Buchfresserchen (http://buch-fresserchen.blogspot.de/) veröffentlicht jeden Montag eine Frage rund um Bücher und dieses Mal habe ich die Ehre mitzumachen. Die Frage lautet :

Montagsfrage: Gibt es ein Buch, bei dem du nach dem Lesen sofort wusstest, dass du es noch einmal lesen würdest?

Zuallerst: ich bin kein Fan davon, Bücher mehrmals zu lesen. Wenn ich mir nach einem Buch denke, dass ich es wieder lesen werde heißt das verdammt viel. Es gibt eigentlich nur zwei Bücher, die in Frage kommen. Einmal wäre das "Der Kuss des Kjer" von Lynn Raven und die andere Option ist "Seelen von Stephenie Meyer". Wie ihr dem Titel entnehmen könnt, habe ich mich für "Seelen" entschieden. Zwar habe ich beide Bücher mehrmals gelesen (was der Oscarverleihung meines Bücherregals nahe kommt) aber dieser Titel tauchte sofort in meinem Kopf auf nachdem ich die Frage gelesen hatte. Wieso bevorzuge ich nun "Seelen"?

 

Als erstes bekommt ihr wie immer mal den Klappentext:

 

"Seit jener ersten Nacht, in der ich geschrien habe, als ich die Narbe in seinem Nacken ertastete, hat er mich nicht mehr geküsst. Will er mich nicht mehr küssen? Sollte ich ihn vielleicht küssen? Und wenn er das nicht mag? Ich überlege, ob er wirklich so gut aussieht, wie ich glaube, oder ob es mir nur so vorkommt, weil er außer mir und Jamie der einzige Mensch auf der ganzen Welt ist.
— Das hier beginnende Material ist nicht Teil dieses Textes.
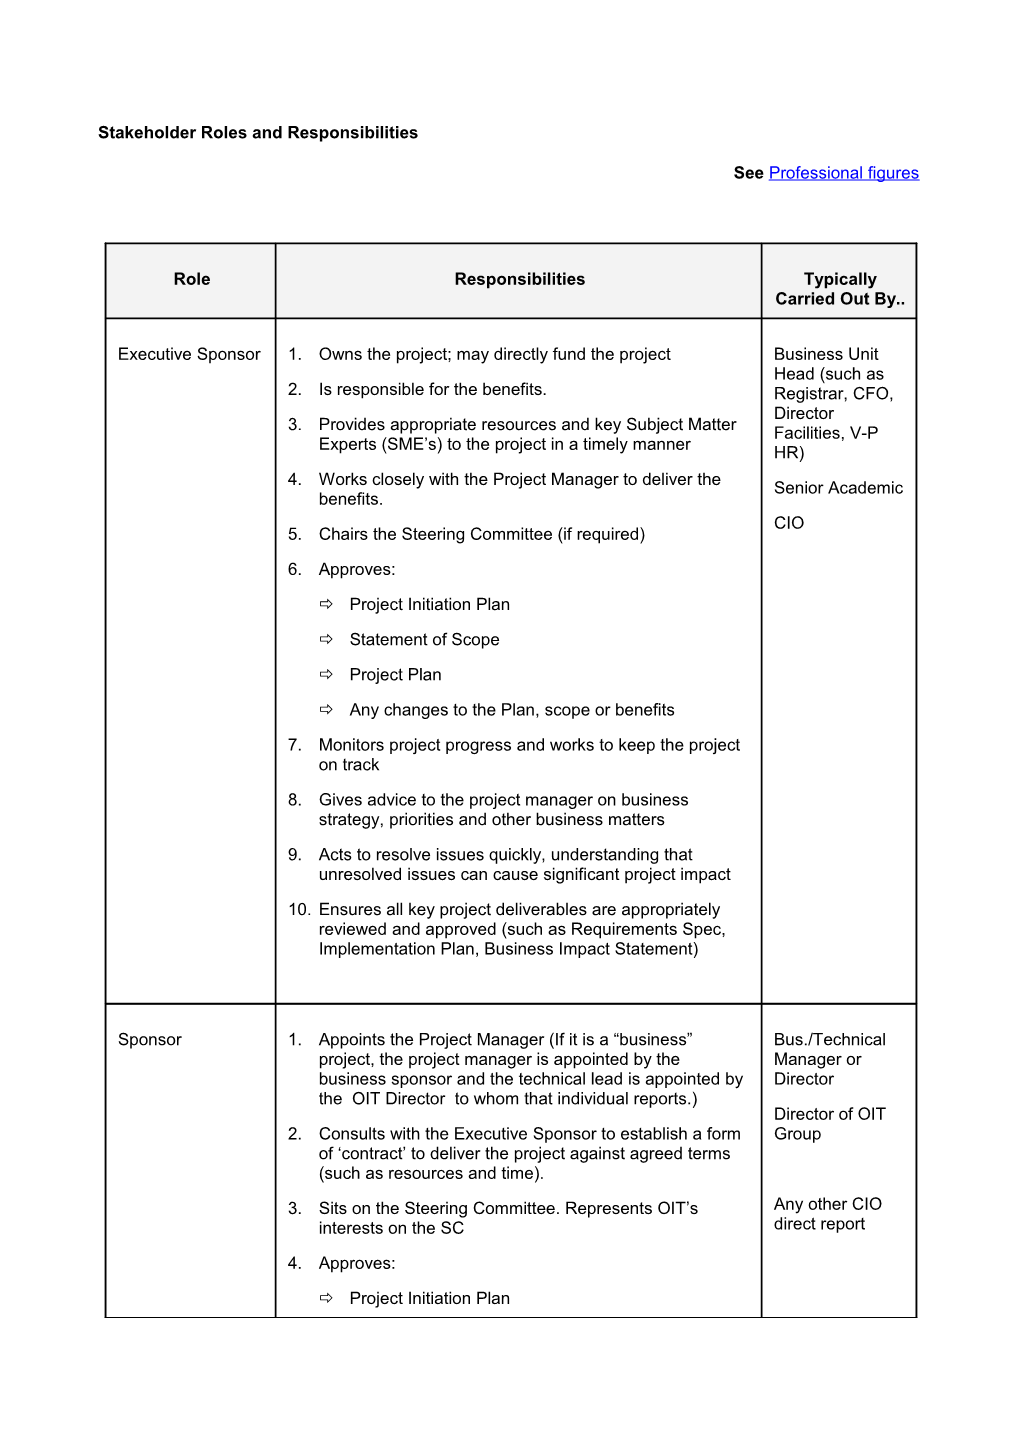 The Following Tables Briefly Describes Each of the Roles and Their Project Responsibilities

Er drückt meine Hand und mein Herz donnert gegen meine Rippen. Es schmerzt, dieses Glück."

Planet Erde, irgendwann in der Zukunft. Fast die gesamte Menschheit ist von sogenannten Seelen besetzt. Diese nisten sich in die menschlichen Körper ein und übernehmen sie vollständig - nur wenige Menschen leisten noch Widerstand und überleben in den Bergen, Wüsten und Wäldern.
Eine von ihnen ist Melanie. Als sie schließlich doch gefasst wird, wehrt sie sich mit aller Kraft dagegen, aus ihrem Körper verdrängt zu werden und teilt ihn fortan notgedrungen mit der Seele Wanda. Verzweifelt kämpft sie darum, ihren Geliebten Jared wiederzufinden, der sich mit anderen Rebellen in der Wüste versteckt hält - und im Bann von Melanies leidenschaftlichen Gefühlen und Erinnerungen sehnt sich auch Wanda mehr und mehr nach Jared, den sie nie getroffen hat ...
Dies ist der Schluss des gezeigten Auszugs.